The tutorial will feature the SPICE Toolkit (Speech Processing - Interactive Creation and Evaluation), a web based toolkit for rapid language adaptation to new languages and RLAT (Rapid Language Adaptation Toolkit), an extension to SPICE for web harvesting and language model evaluation. The methods and tools implemented in SPICE and RLAT will enable the attendees to develop speech processing components, to collect appropriate data for building these models, and to evaluate the results allowing for iterative improvements. Building on existing projects like GlobalPhone and FestVox, knowledge and data are shared between recognition and synthesis; this includes phone sets, pronunciation dictionaries, acoustic models, and text resources. SPICE and RLAT are online services (http://cmuspice.org, http://csl.ira.uka.de/rlat-dev) and the attendees will be able to use these toolkits anytime before and after the tutorial to continue developing their speech processing components. By archiving the data gathered on-the-fly from many cooperative users, we hope to significantly increase the repository of languages and resources and make the data and components for under-supported languages available at large to the community. By keeping the users in the developmental loop, SPICE tools can learn from their expertise to constantly adapt and improve. This will hopefully revolutionize the system development process for new languages.

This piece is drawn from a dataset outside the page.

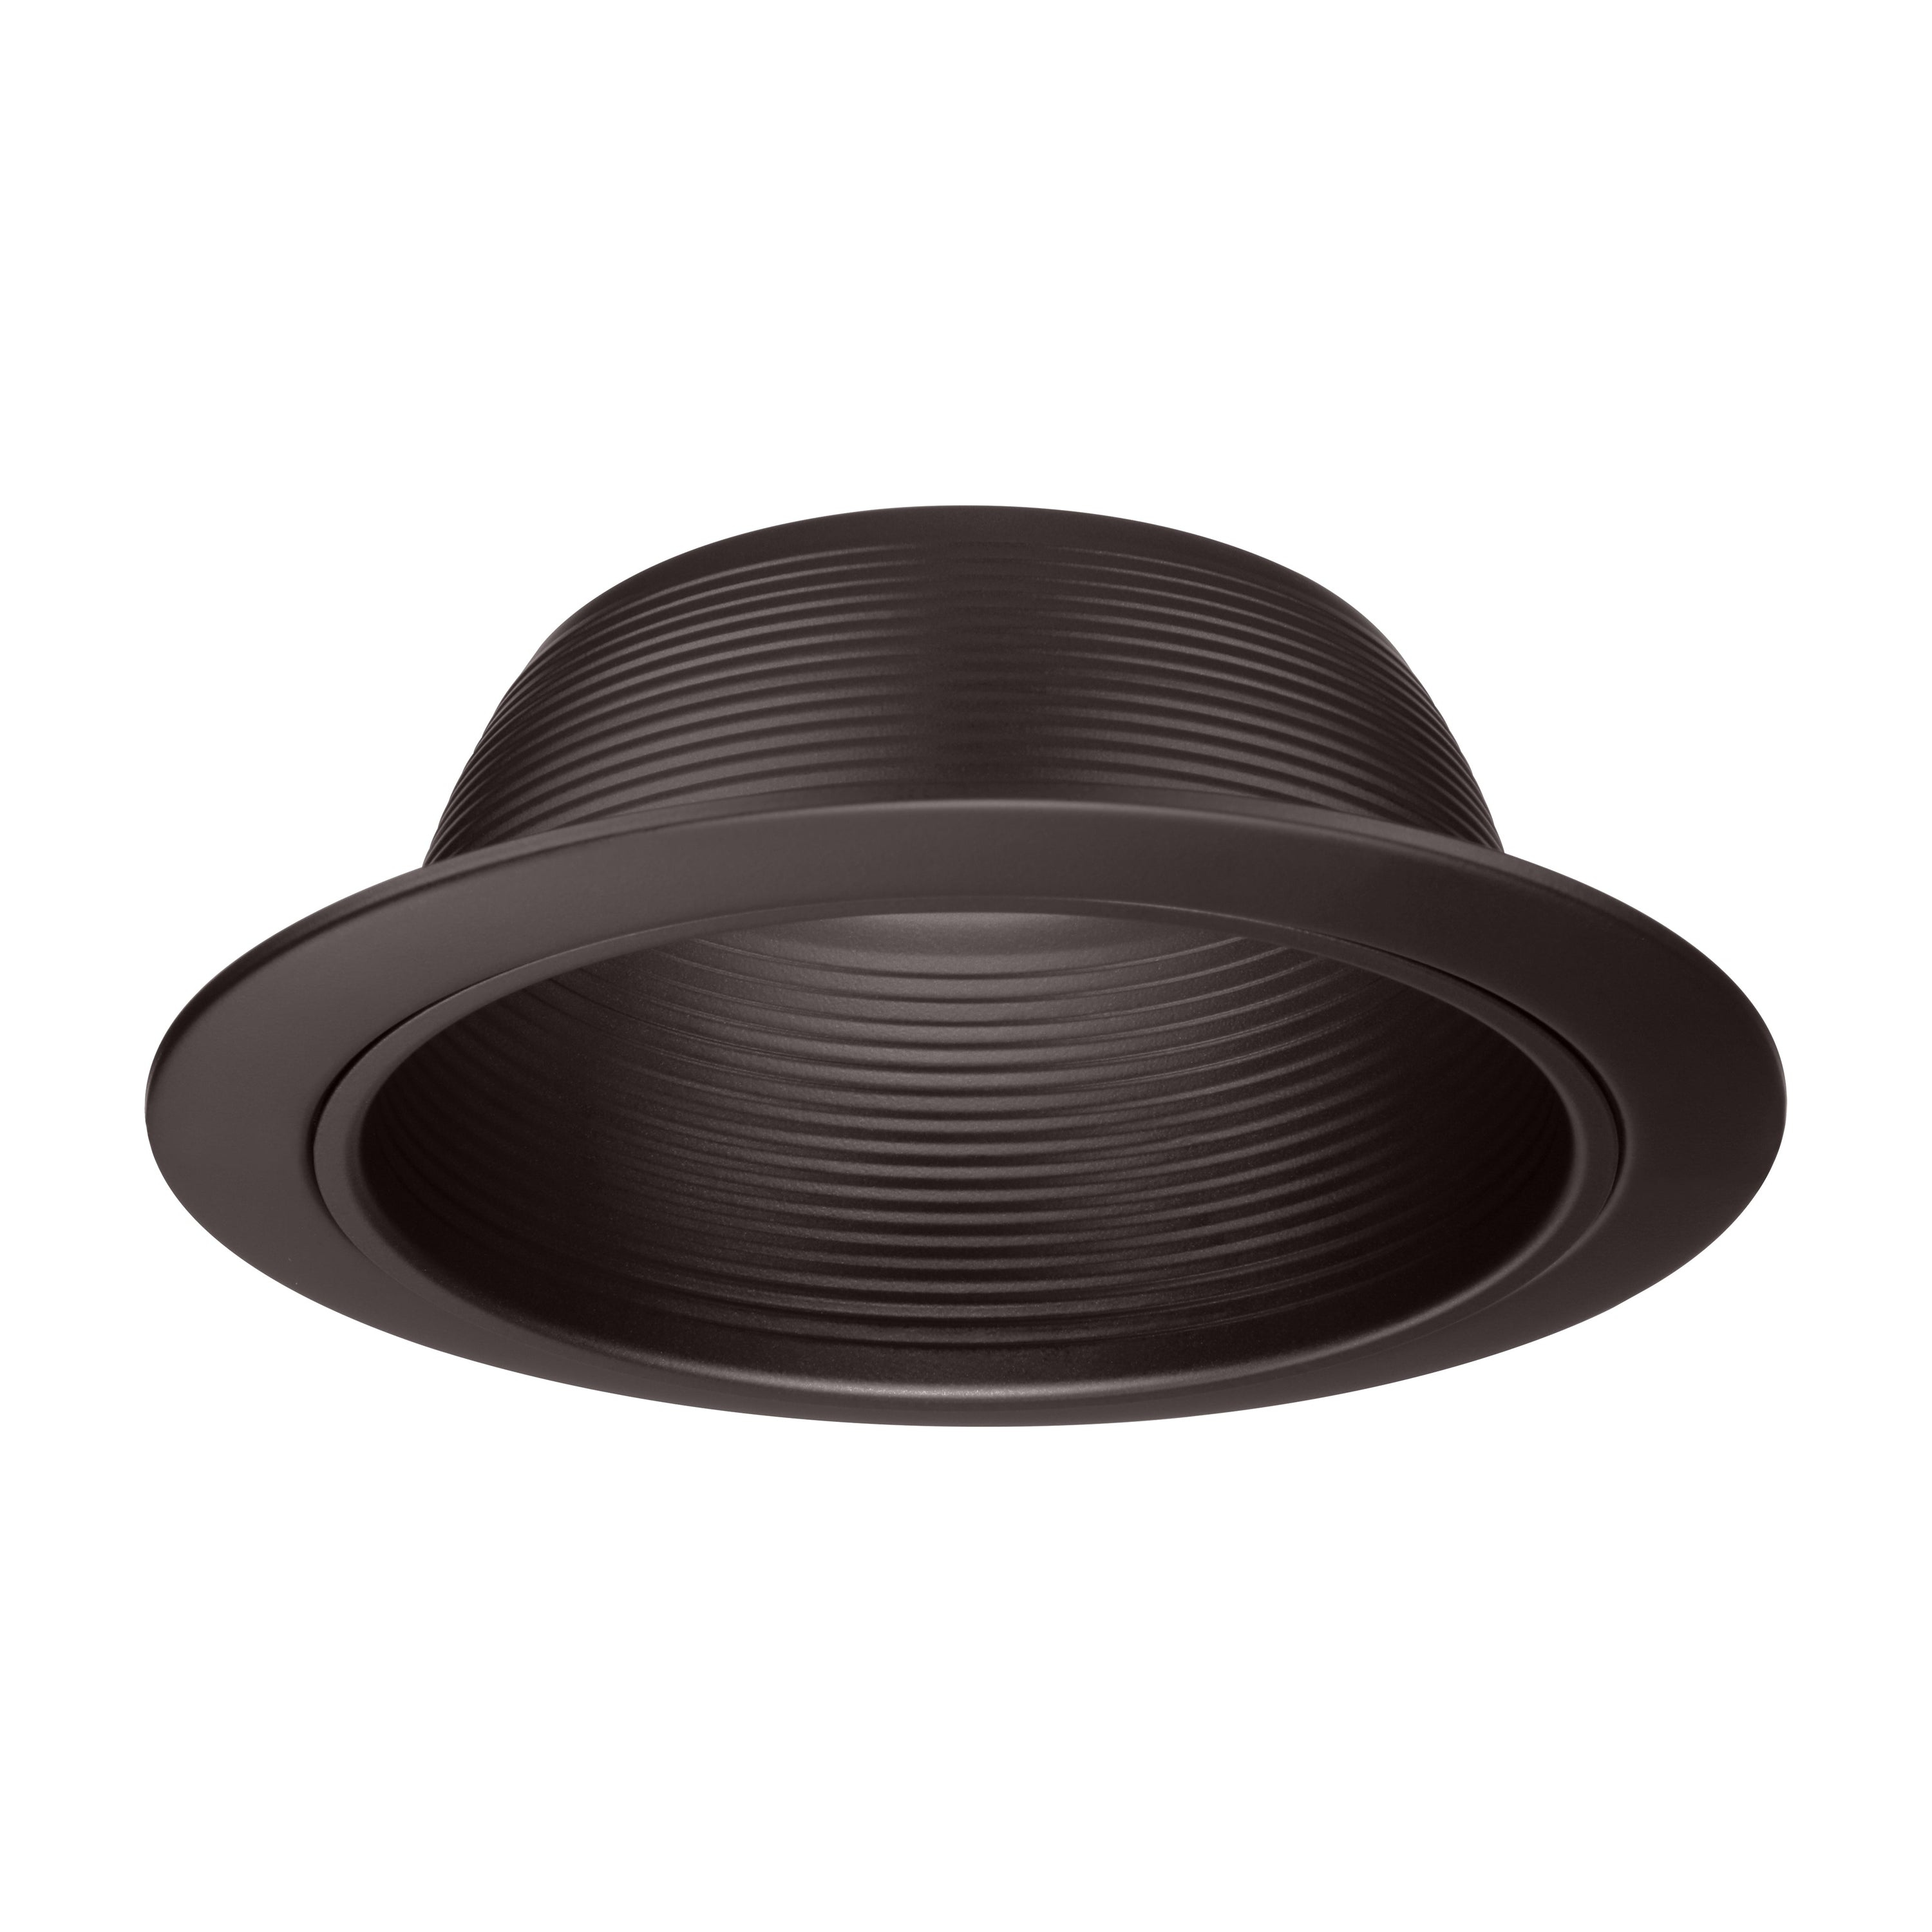 TORCHSTAR 6" Stepped Baffle with Detachable Trim - Oil Rubbed Bronze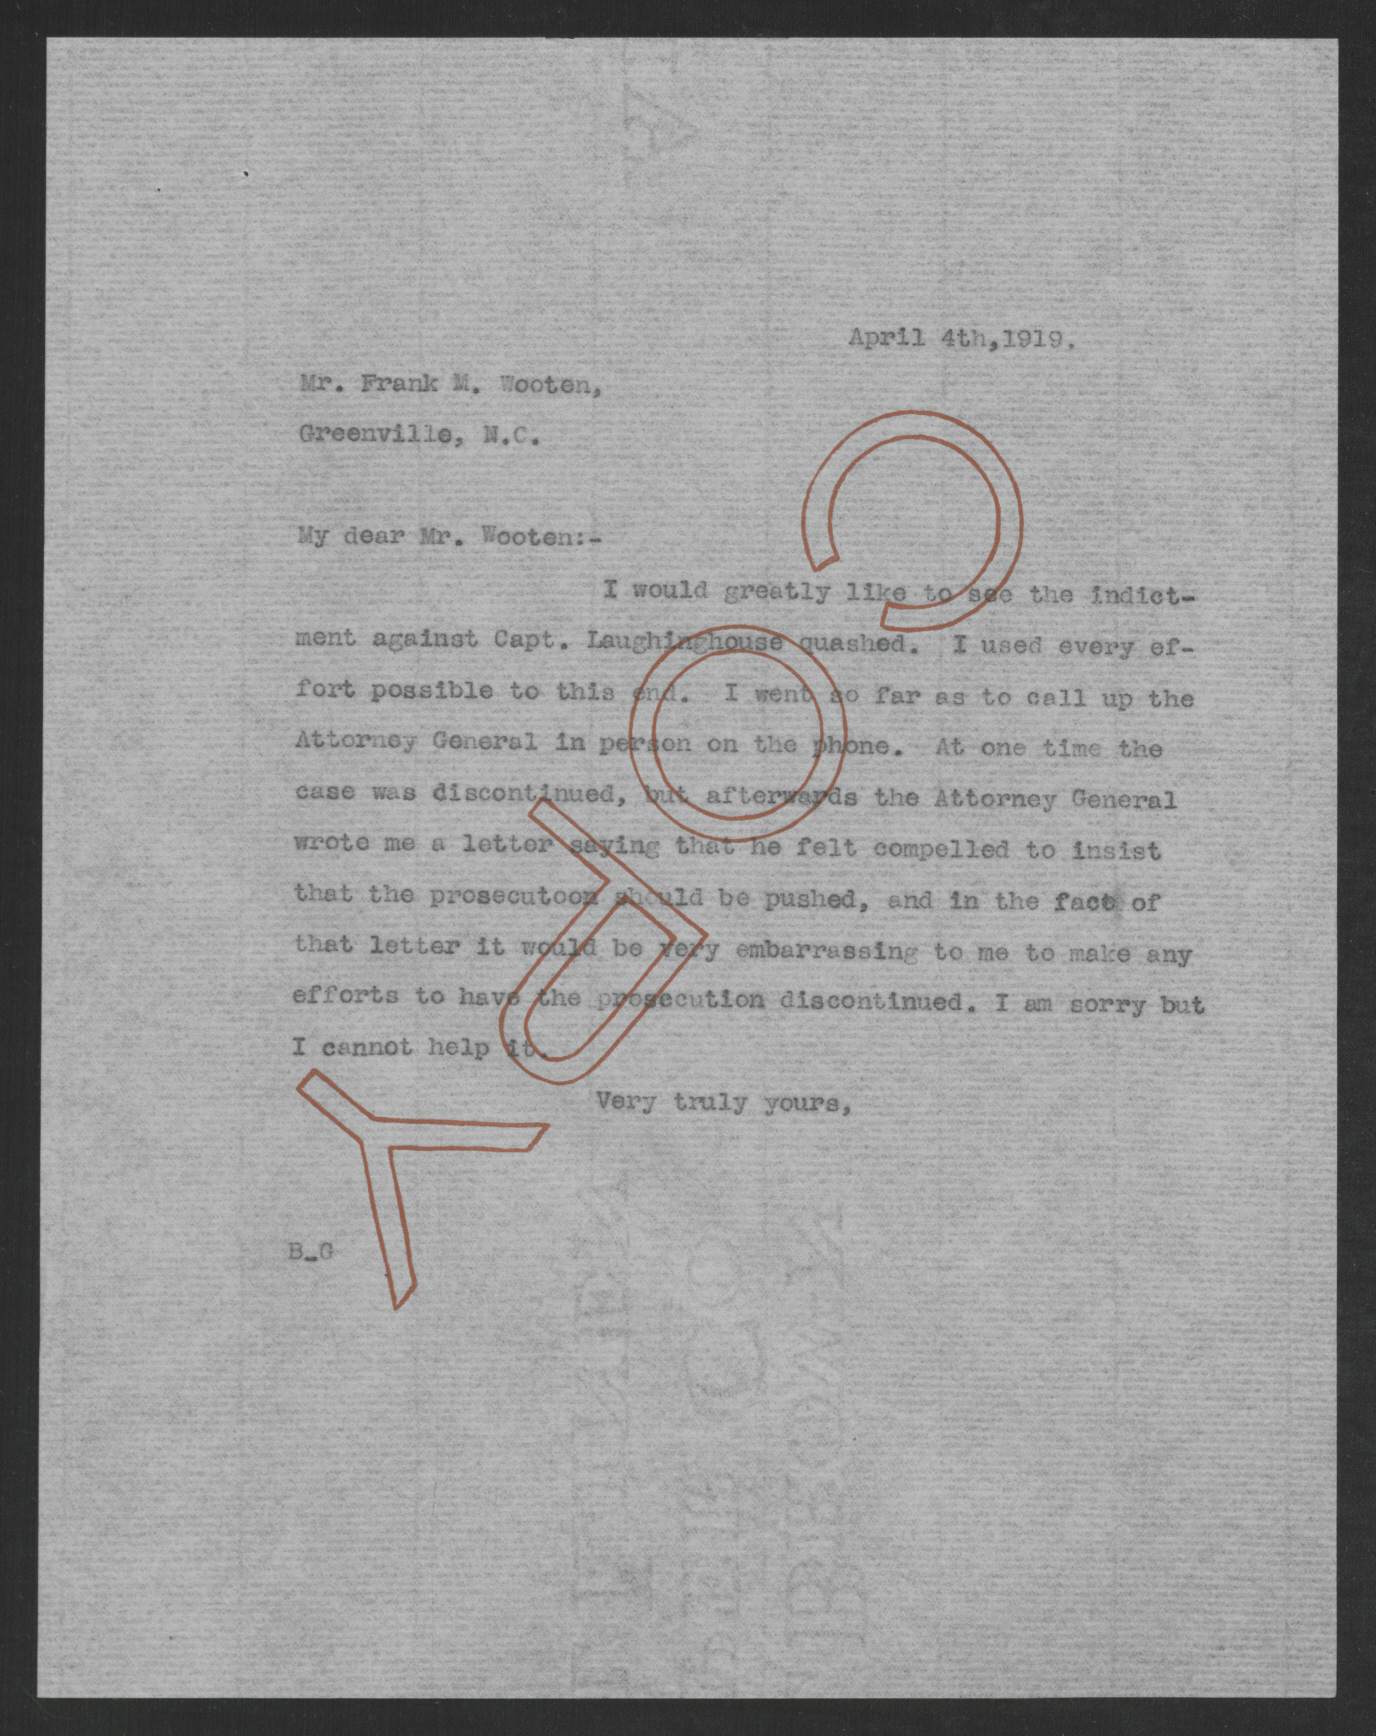 Letter from Thomas W. Bickett to Frank M. Wooten, April 4, 1919

Tanja Schultz is a Full Professor at the Computer Science Department of the Karlsruhe Institute of Technology, Germany and an Assistant Research Professor at the Language Technologies Institute at Carnegie Mellon University. She is the director of the Cognitive Systems Lab (http://csl.ira.uka.de). Her research activities focus on human-human communication and human-machine interfaces with a particular area of expertise in rapid language adaptation of speech processing systems. She is the developer of GlobalPhone, a multilingual text and speech database in 20 languages, gives key-notes and invited talks on the topic of multilingual speech processing, co-edited a book on this subject together with Katrin Kirchhoff, as a result from their co-chaired special sessions at ICASSP 2004, and gave a tutorial on Multilingual Speech Processing at ICASSP 2008 together with Alan Black.

Alan W Black is an Associate Professor on the faculty of the Language Technologies Institute at Carnegie Mellon University. He is one of the leaders in the area of speech synthesis, having written and distributed many widely used systems and databases including the Festival Speech Synthesis Systems, and the Festvox Voice Building Toolkit (http://festvox.org). Dr Black has published over 140 papers. He has given tutorials on speech synthesis and voice building at NAACL 2001, ASA 2002, Interspeech 2005, ICASSP 2008 and NAACL 2008 as well as many short courses at various summer schools.

This page was last updated on 21-June-2010 3:00 UTC.